Cytosolic-epithelial transforming factor (c-Met) belongs to a family of tyrosine kinase receptors that are overexpressed in various human cancers, and its ligand is hepatocyte growth factor (HGF). It has been found that the HGF/c-Met signaling pathway is involved in a wide range of cellular processes, including cell proliferation, migration and metastasis. Also, the HGF/c-Met signaling pathway is involved in mediating the development and progression of bladder cancer (BCa). Therefore, c-Met is a potential target for BCa therapy.
In addition, recent studies have shown that aberrant expression of non-coding RNAs was found to play an important role in tumor progression, and c-Met is closely associated with non-coding RNAs. In this paper we will present the biological function and prognostic value of c-Met in BCa, as well as its potential role as a drug target.
PART.01 Current status of bladder cancer
Bladder cancer (BCa) is one of the most common malignancies, and according to the World Health Organization International Agency for Research on Cancer, 54,939 new cases of BCa were diagnosed in 2018, ranking 12th among all types of cancers in men and women and 6th among men (Figure 1).BCa is usually divided into two categories: non-muscle invasive bladder cancer (NMIBC) and muscle invasive bladder cancer (MIBC).
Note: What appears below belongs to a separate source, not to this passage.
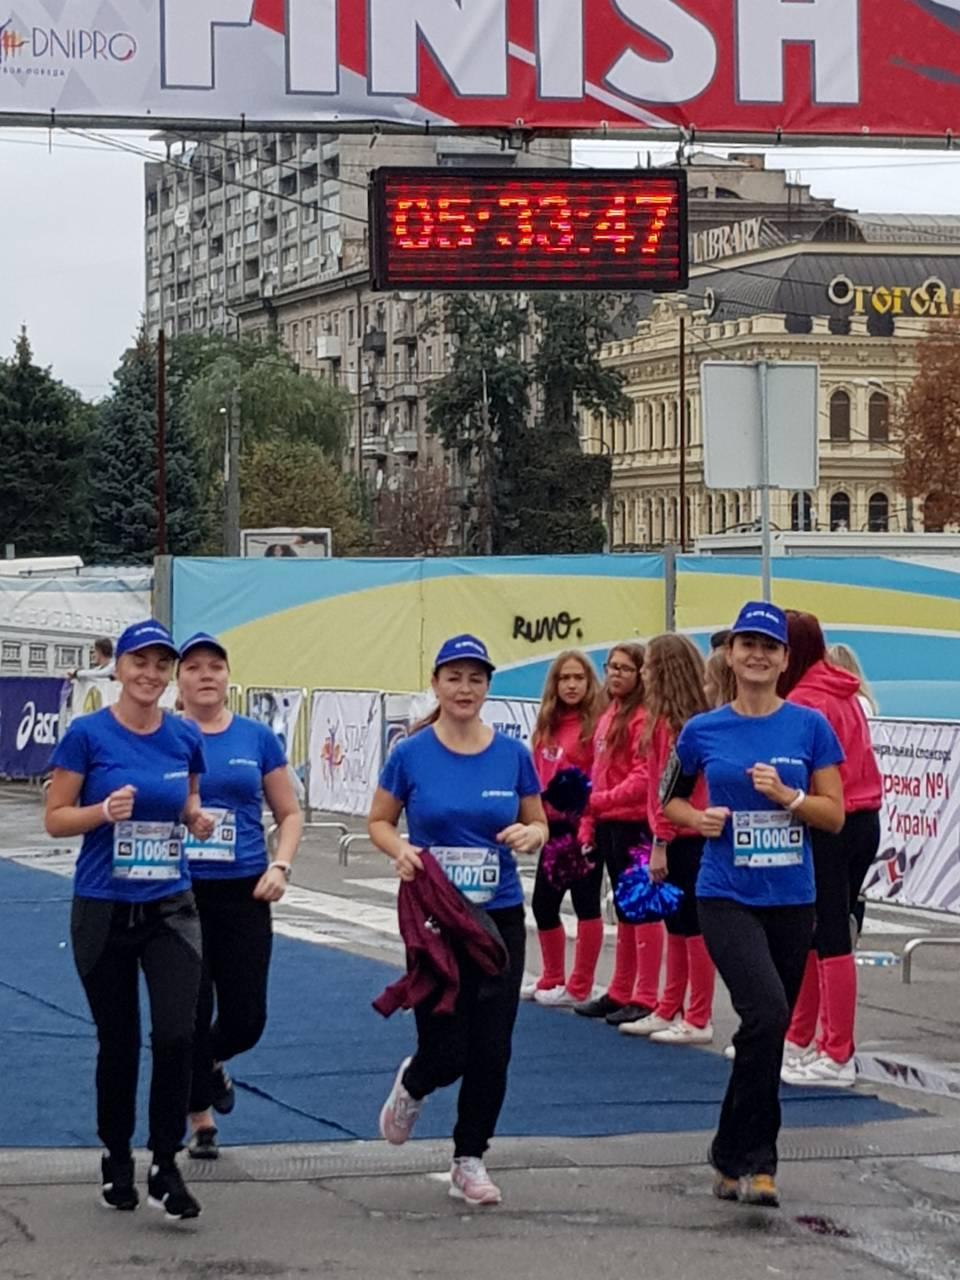 Сотрудники МТБ БАНКа пробежали благотворительную «Милю добра» - фото 3 - mtb.ua

Currently, nearly 75% of cases are NMIBC and 25% are MIBC or metastatic disease. The 5-year survival rate for patients with aggressively treated MIBC is approximately 60%, and the 5-year recurrence rate for patients with NMIBC is 50% ~ 70%.
BCa is a complex disease that has long been a global burden. However, the current treatment for BCa is limited. More research is needed to gain more insight into the development of BCa and more effective therapeutic strategies. Currently, aberrant activity of cellular mesenchymal-epithelial transforming factor (c-Met) has been observed in a variety of human malignancies, including BCa, which predicts that c-Met has the potential to become a target for the treatment of bladder cancer.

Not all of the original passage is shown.